Importantly, no immunopathology was observed in the lungs of mice immunized with this strategy and challenged with the 5 x 105 PFU dose of vHBs4, highlighting the safety of this approach (data not shown).

Neutralizing Abs do not account for clearance of virus

Current commercial HBsAg vaccines usually raise a Th-2 type Ab response and the mechanism of protection is primarily through neutralizing Abs. Due to the lack of mouse models for HBV infection to help dissect the protective mechanism, a pulmonary infection with recombinant vaccinia virus expressing HBsAg Ag (vHBs4) was designed to evaluate the role of T cell-mediated responses in the mice immunized with our protocol. Because the expressed HBsAg is foreign protein that is neither integral to nor incorporated into the recombinant vaccinia viral particle, it is unlikely that neutralizing Abs are responsible for immune protection against the vHBs4 virus. To demonstrate that neutralizing Abs were not responsible for clearance of virus in this model, we performed an in vitro plaque reduction neutralization assay. Sera from mice that received the heterologous immunization protocol did not neutralize either recombinant vHBs4 or wild-type vaccinia virus even at the highest concentrations of serum used (dilution 1/25 of whole serum). In contrast, a serum pool composed of known anti-vaccinia Abs neutralized both viruses. A 96% reduction in plaque formation was observed when this serum was diluted 1/200. This in vitro data strongly supports the conclusion that neutralization activity is not responsible for the observed protection in this experimental system, but T cell-mediated immunity plays a protective role against virus infection in the lung.


    Discussion
 Top
 Abstract
 Introduction
 Materials and Methods
 Results
 Discussion
 Disclosures
 References
 
We have developed a heterologous immunization protocol consisting of immunization with DNA vaccine encoding Ag followed by administration of Ag encapsulated in liposomes.
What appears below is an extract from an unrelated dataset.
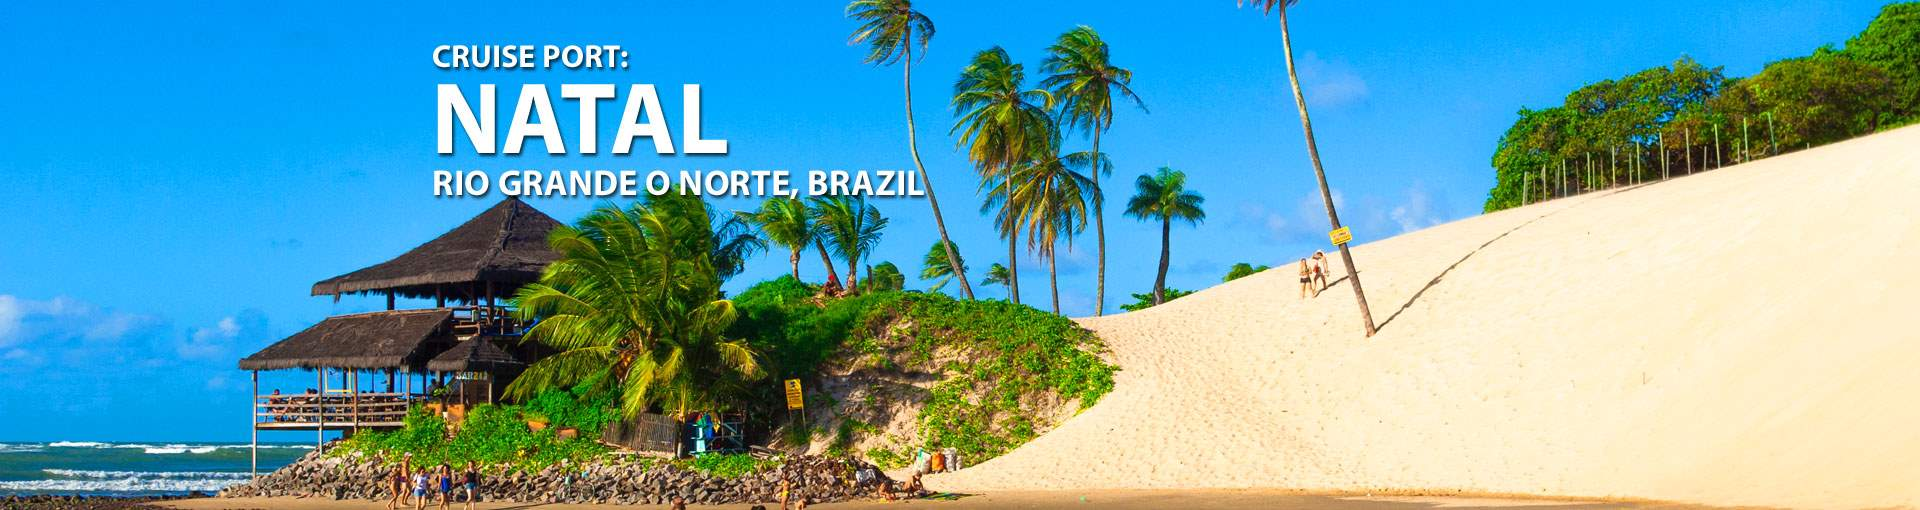 Cruises to Natal(Rio Grande Do Norte), Brazil

Our approach combines liposome encapsulation, specific delivery to mucosal sites, and the use of a heterologous immunization regimen. To the best of our knowledge, this is the first report of a heterologous immunization protocol combining systemic priming with DNA and a mucosal boost with liposome-encapsulated protein. The enhanced boosting effect seen after use of protein encapsulated in liposomes rather than a simple (not encapsulated) protein boost suggests that the liposome acts as both a delivery vehicle for the protein Ag and as a potent vaccine adjuvant. Unlike other heterologous immunization protocols, this regimen was specifically designed for enhanced safety by excluding the use of live viral vectors and/or potentially toxic adjuvants. The unique benefits of this protocol include induction of Th1-biased, humoral, and cellular immune responses on mucosal surfaces and flexibility in delivery of individual components and induction of responses in "nonresponder" animals and neonates.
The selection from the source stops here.